100 milliards de transistors : les chiffres clés
La puce NanoStack d’IBM marque un saut quantitatif et qualitatif. Voici ses caractéristiques techniques principales :
- 100 milliards de transistors sur une surface inférieure à 1 nm²
- Technologie 0,7 nm, contre 3 nm pour les puces actuelles les plus avancées
- Architecture tridimensionnelle réduisant la consommation énergétique de 40%
- Fréquence de calcul théorique de 5 GHz, avec une stabilité thermique optimisée
- Compatibilité avec les procédés de fabrication existants, facilitant l’industrialisation
Cette densité permet d’intégrer l’équivalent de 10 puces haut de gamme actuelles sur une seule. Une prouesse rendue possible par l’empilement vertical des couches de transistors.
Comparaison : IBM vs. l’état de l’art
Le tableau ci-dessous met en perspective l’avancée d’IBM face aux technologies concurrentes :
| Technologie | Transistors (milliards) | Consommation (W/mm²) | Applications cibles |
|---|---|---|---|
| IBM NanoStack 0,7 nm | 100 | 0,12 | IA, HPC, mobiles |
| TSMC 2 nm (2025) | 45 | 0,18 | Serveurs, GPU |
| Intel 20A (2024) | 30 | 0,20 | PC, data centers |
| Samsung 3 nm (2023) | 25 | 0,25 | Smartphones, IoT |
Implications pour l’IA et les data centers
Les modèles d’IA actuels nécessitent des milliers de puces pour fonctionner. Avec NanoStack, un seul processeur pourrait exécuter des tâches complexes. Exemple : entraîner un modèle de langage en 24h au lieu de 7 jours. Une réduction des coûts et des délais qui accélère l’innovation.

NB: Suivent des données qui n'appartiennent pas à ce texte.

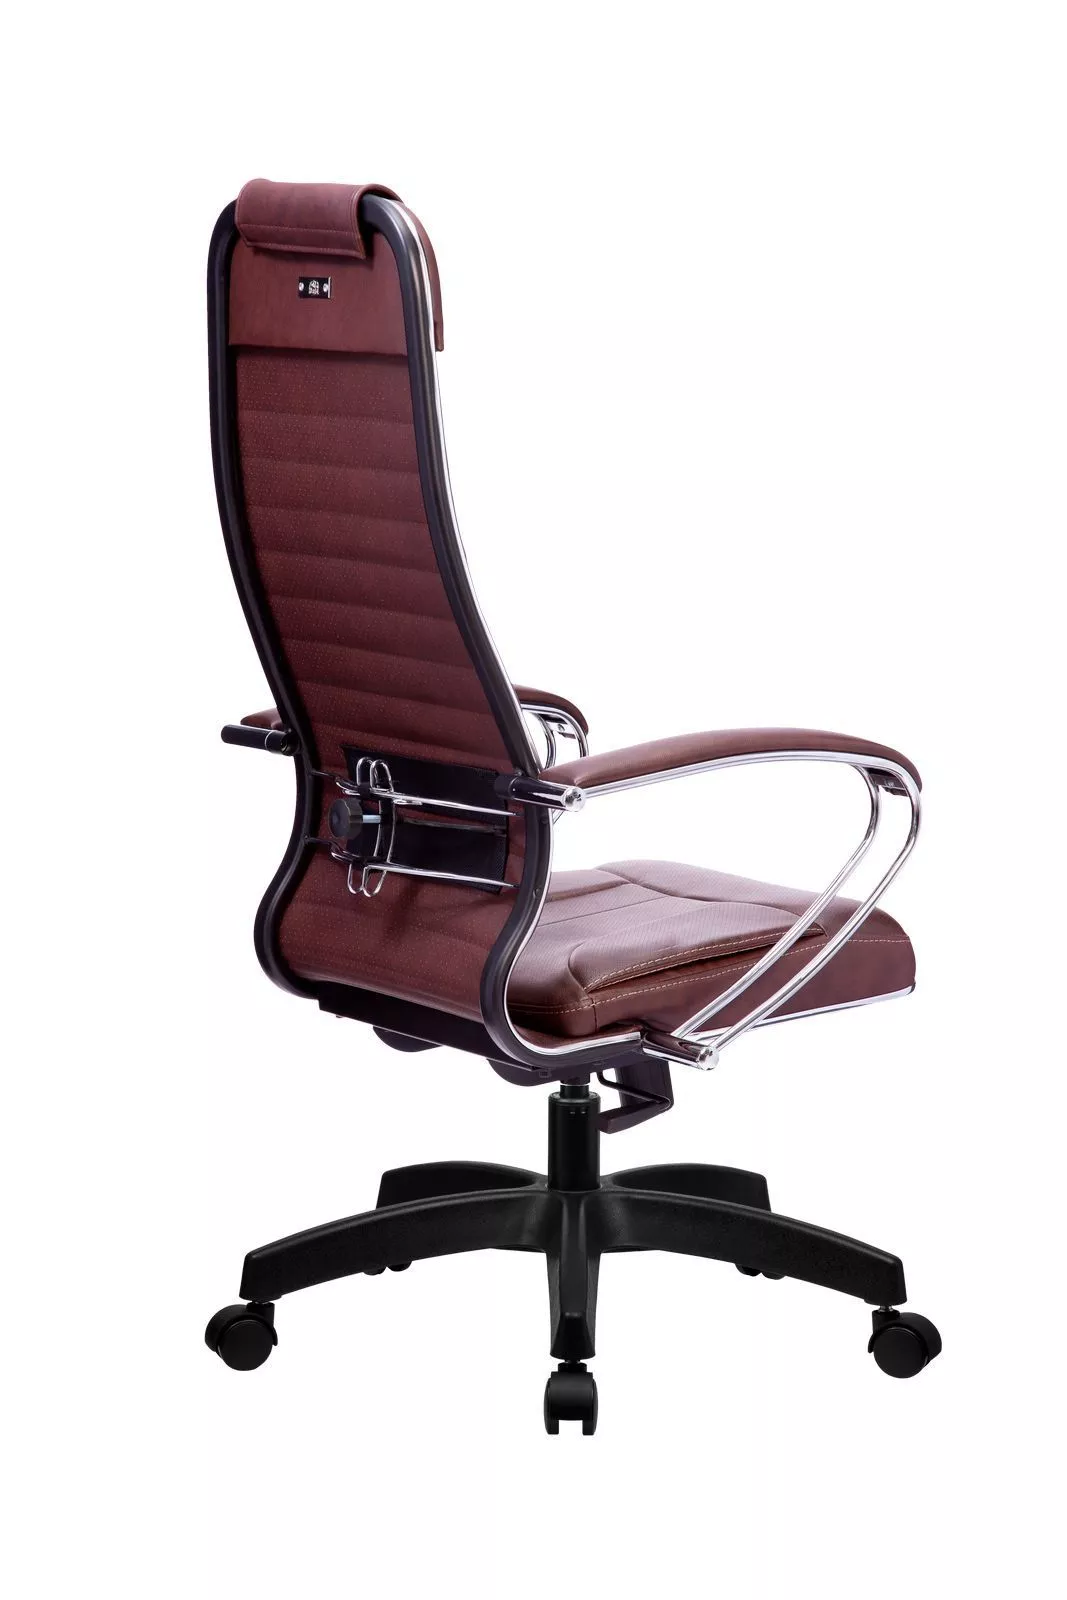 Кресло компьютерное Метта Комплект 6 Pl темно-коричневый

L’Europe vise une réduction de 30% de la consommation des data centers d’ici 2030. La puce d’IBM répond à cet enjeu. Sa faible consommation permet de réduire la climatisation, poste de dépense majeur. Les centres pourraient ainsi fonctionner avec des énergies renouvelables locales.
Ce qu’il faut retenir
- IBM franchit un cap avec 100 milliards de transistors en 0,7 nm, une première mondiale
- La technologie NanoStack réduit la consommation énergétique de 40% par rapport aux puces actuelles
- Applications prioritaires : IA, calcul haute performance et dispositifs mobiles
- Impact industriel : accélération des déploiements d’IA et réduction des coûts des data centers
- Enjeu européen : alignement avec les objectifs de sobriété énergétique des infrastructures numériques
❓ Questions fréquentes
Qu’est-ce que la technologie NanoStack d’IBM ?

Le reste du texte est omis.